EMEA News
Crude Players Say Oil Volatility Set to Stabilize
Oil at the $50 per barrel level may pose a number of difficulties for players, but at least it heralds the end of volatility, two of the world's top oil executives said this week.
Vagit Alekperov, CEO of Russia's Lukoil PJSC, told delegates to the St. Petersburg International Economic Forum the volatility that caused prices to climb to $100 in 2014 and plummet below $28 in January of this year won't be repeated "in the medium term."
He predicted that oil will average $50 this year and $55 to $60 in 2017.
Bob Dudley, CEO of BP Plc, believes oil will climb slightly higher than $50 by year end, describes the current level "very sustainable," and thinks the market will be balanced by the end of this year.
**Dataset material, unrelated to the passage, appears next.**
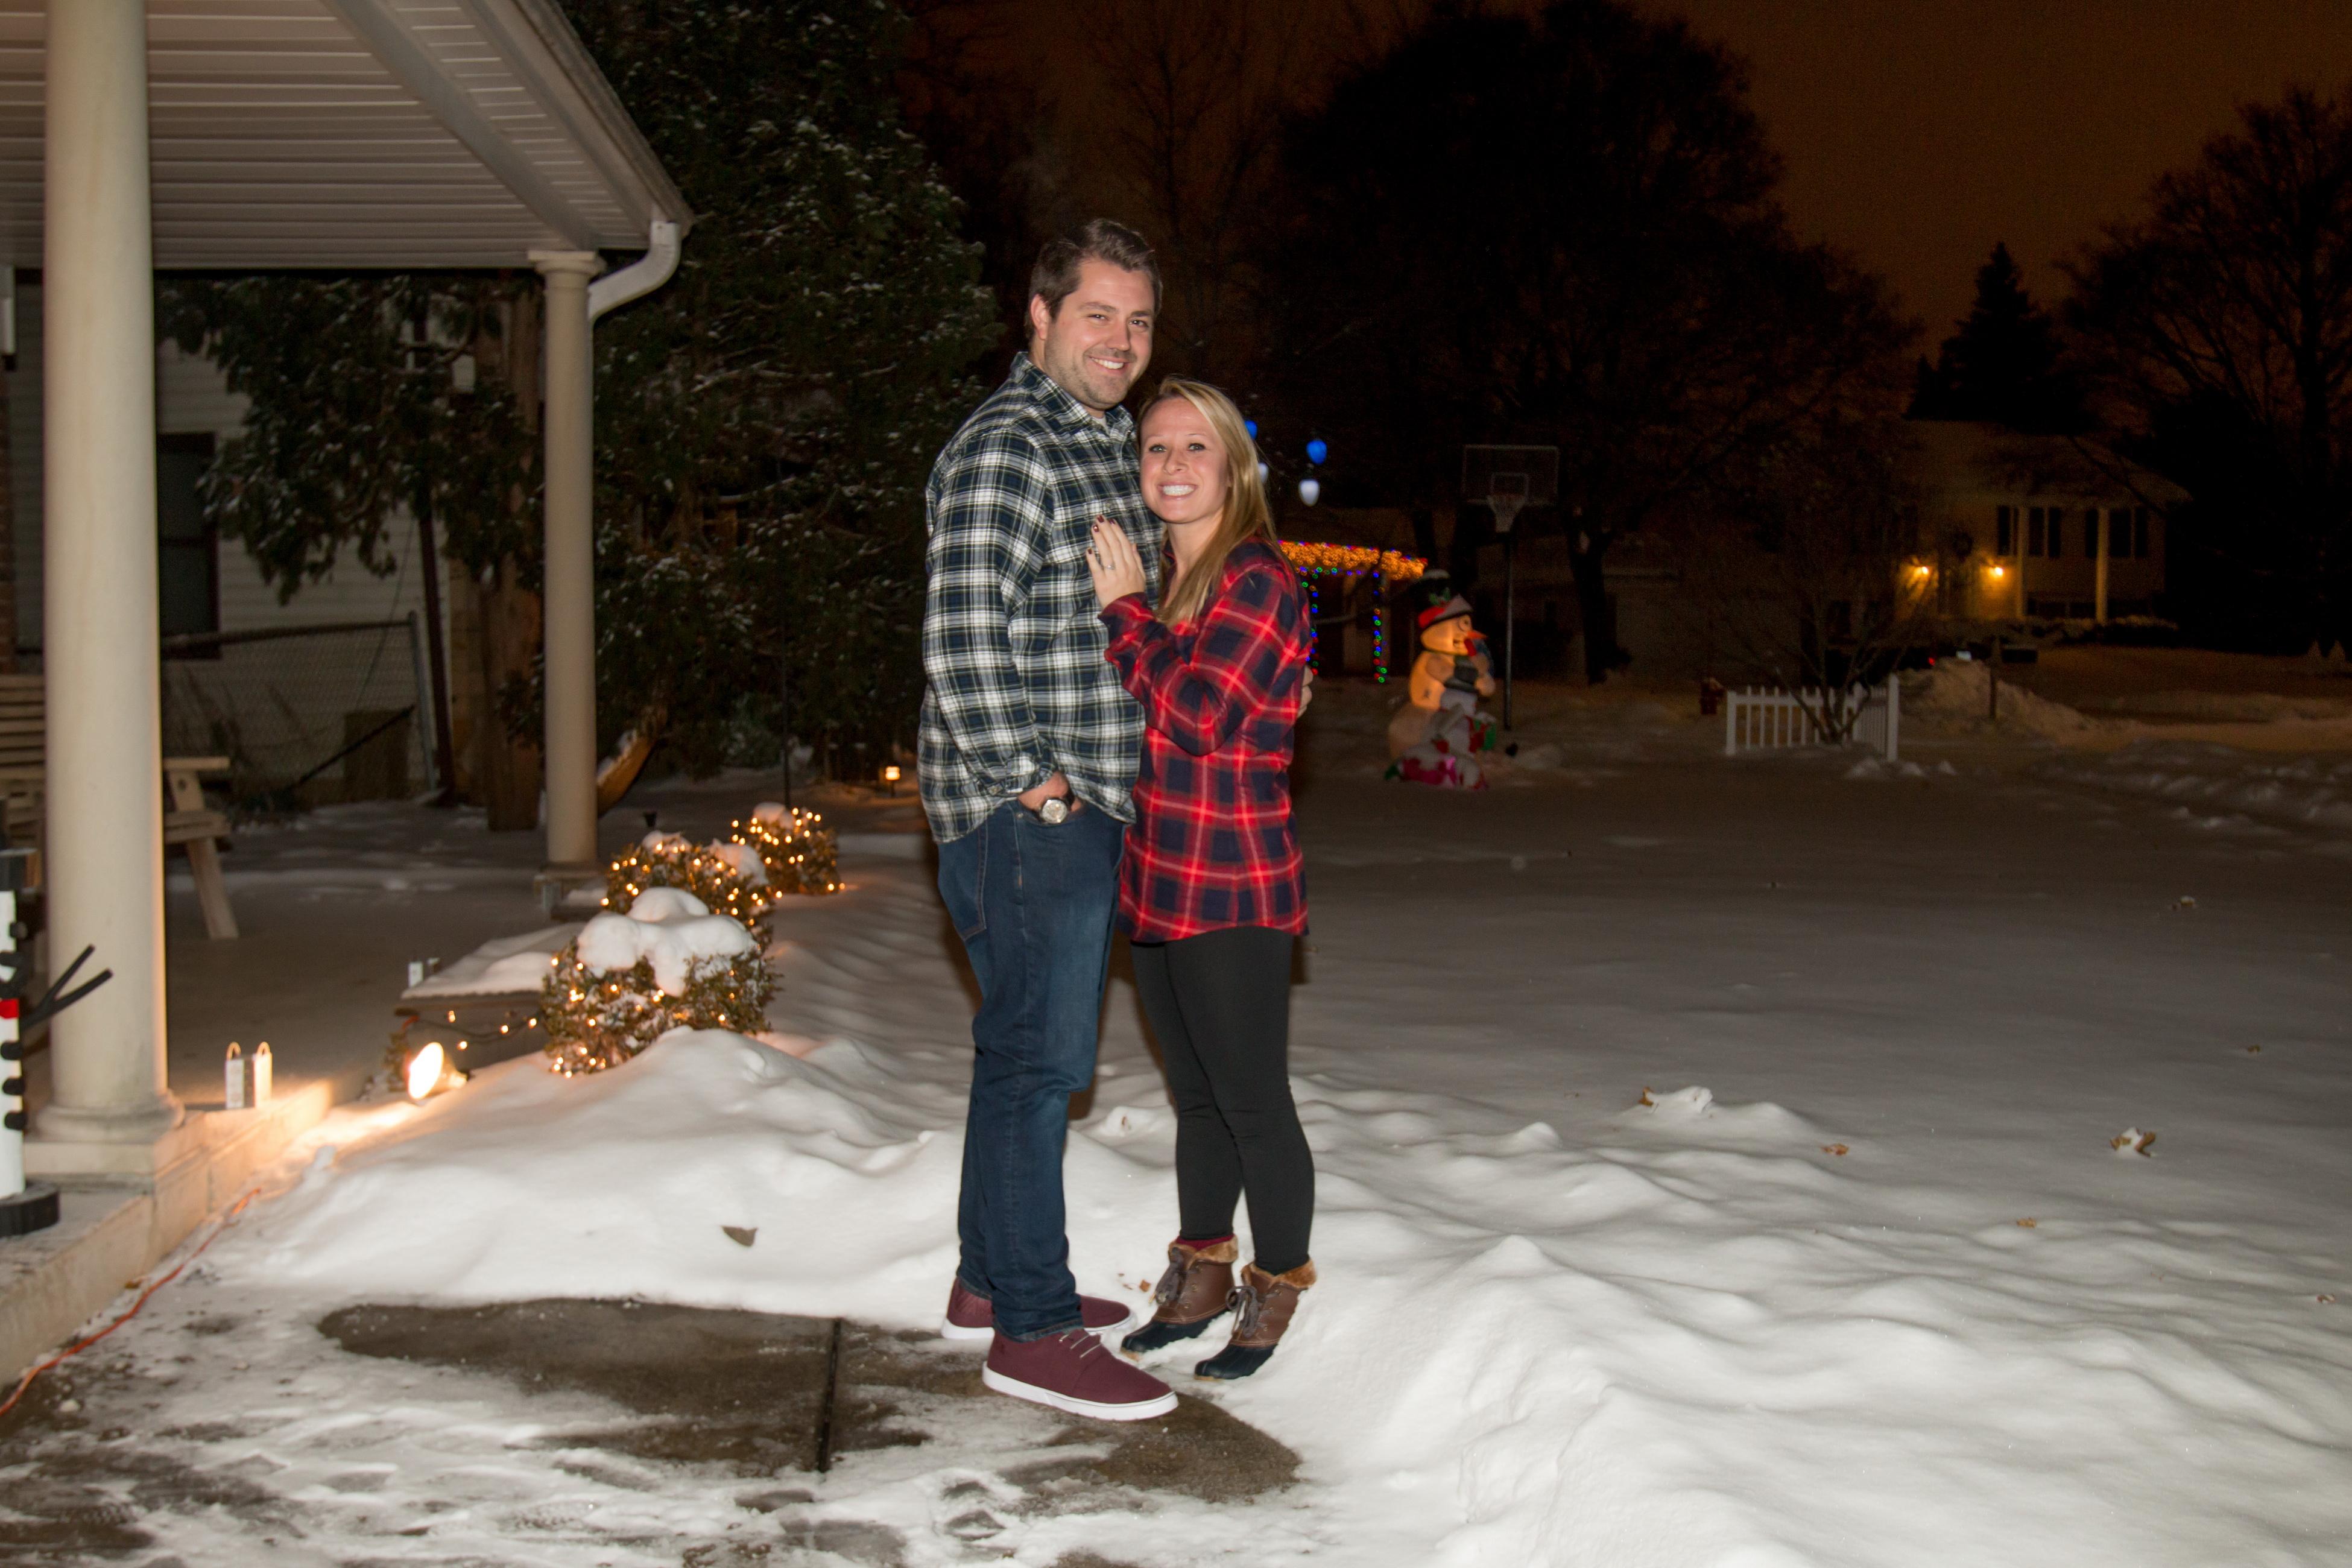 Jordan & Ben Get Engaged To Be Married!

Another Economic Forum attendee, Rainer Seele, chief executive officer of OMV AG, believes crude will average $40 this year and $55 next year; more conservative still are the predictions of Alexander Novak, energy minister for Russia, who pegs next year's average price at $50 due to "a lot of oil in the world."
For the record, Igor Sechin, CEO of Rosneft, told Forum delegates that a re-balancing is more likely in 2017 than the end of this year.
Despite the variations of predicted prices, it's notable that these commentators seem to be adhering to a "lower for longer" outlook that was most recently expressed by Fadel Gheit, analyst for Oppenheimer, who said that recent and future mergers amongst crude producers is a way of surviving low, sustained prices.
Goldman Sachs is also amongst the ranks of those who think oil won't climb much farther than $50, but Paul Hornsell, head of commodities research at Standard Chartered, says this level poses several major problems, not the least of which is it being too low to lure fresh investors and too high to force more production offline.